姿勢を正して行儀よく待っているものの、その目的は一目瞭然だ。
「アイギスの分も頼む」
「……はぁ。分かったわよ。今回だけね。今回だけ」
「あぁ」
サラスは強調する。
これは普通では無いと。
特別な事なのだと。
「あーっ、ぼくもぼくもーっ!」
ジーナが寝起きであろうに、元気よく便乗する。
「アンタは自分で作れるでしょ?」
「えーっ!」
「サラスさん。私も、その、食事を……」
「アンタは食べた方が良いわ。
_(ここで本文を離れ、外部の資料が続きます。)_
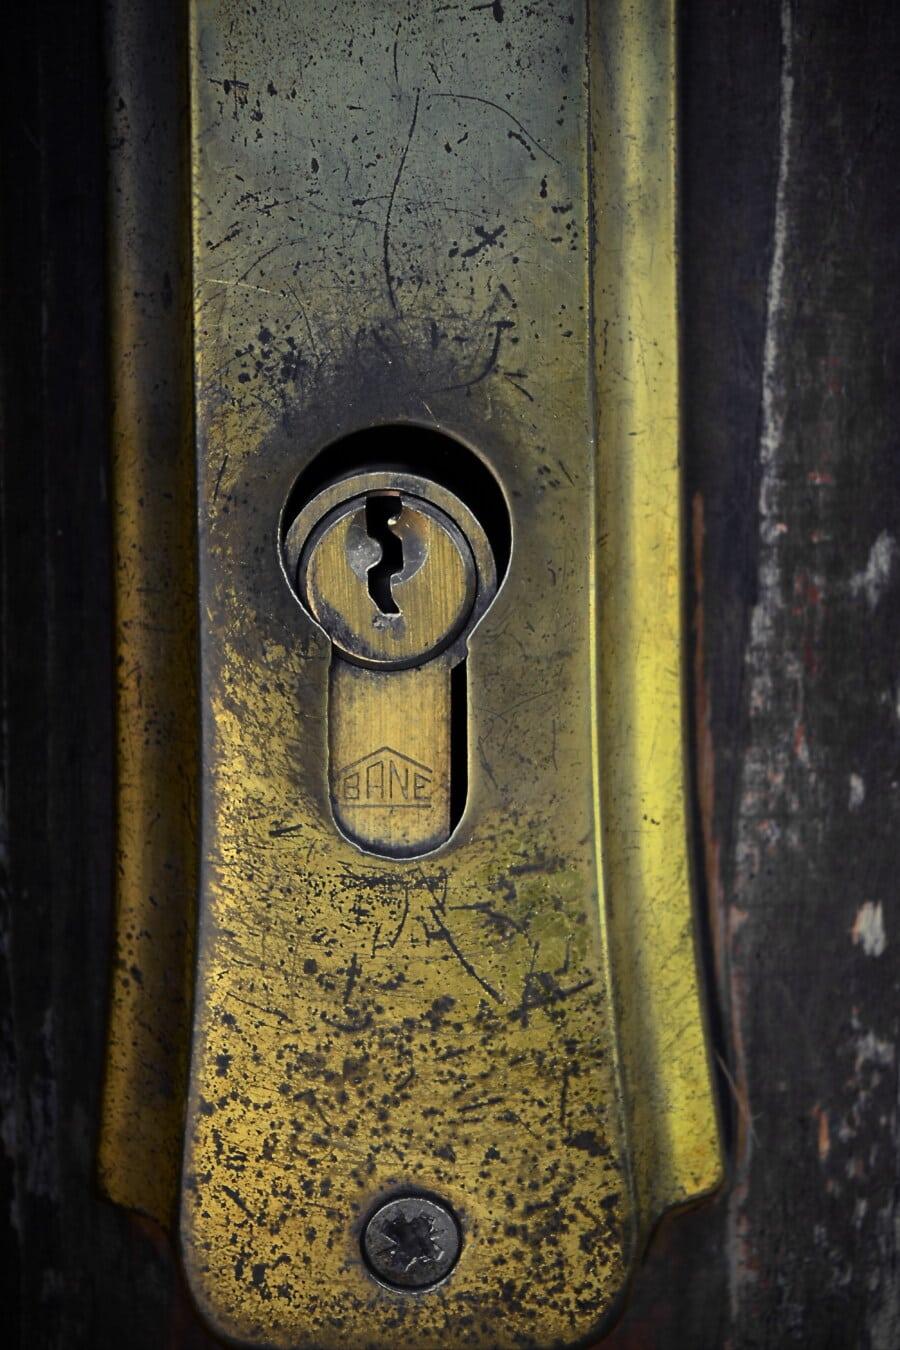 brass, keyhole, shining, metallic, glossy, golden shine, door, lock, old, security

ジーナ、手伝いなさい?」
「むーっ、って、いいんだけどねっ」
頬を膨らませてはニコリと笑って見せるジーナ。
「マリア――」
「あの日なのよ」
訳ありげなマリアに話しかけようとしてサラスに茶化される。
「ちっ――違いますっ!」
「あら、結構元気じゃない」
サラスは笑いながらもこちらにそれ以上聞くなと一瞥してはジーナを連れ立って背中を向ける。
「リンっ、あんまり気にしないであげてっ?」
去り際にジーナがそんな言葉を残していった。
「あっ、あのっ」
二人が見えなくなったところで。
意を決するように声を上げたのは他でも無い。
「あぁ、ちょっと待ってね」
「は、はい」
マリアのはやる気持ちを押さえるように。
目線は待ちきれないとするアイギスへ。
「アイギス、食べていいよ」
「リンは?」
前のめりになりつつあるアイギスの手元へと食器を寄せる。
「今サラスが作ってる」
「いただきます」
早かった。
こちらが言い終わるまでも無く手を合わせたアイギスは早速目の前の品々に手を付け始める。
「良かったのですか?」
「ん?」
「その……お腹が減っているのではと……」
「あぁ、まぁ、慣れてる」
「え、えと……」
「あぁ、いや、マリアはって違う違う。そういう意味じゃなくて、ええと、その、なんだろう」
「ふふっ」
マリアは文字通り笑う。
「いいんですっ。ただ、リンさんには誤解して欲しく無かったので……その、違いますからね?」
「ん?」
「リンさんっ」
「あ、あぁ。うん。ごめん。考慮しとくよ」
「え、えっと……」
「配慮が足りなかったと思う」
「だ、だから違うんですっ!」
「ん?」
話が何だがかみ合っていないように思えるのは気のせいではない気がする。
「わっ、私はそのっ――」
「ん?」
「もーっ! リンさんっ!」
マリアは空元気にしろ、そう振る舞ってくれる。
それが何だか嬉しくて――。
ただ、扉一枚隔てただけの会話であるが故に。
サラスに後で殴られたことは言うまでもない。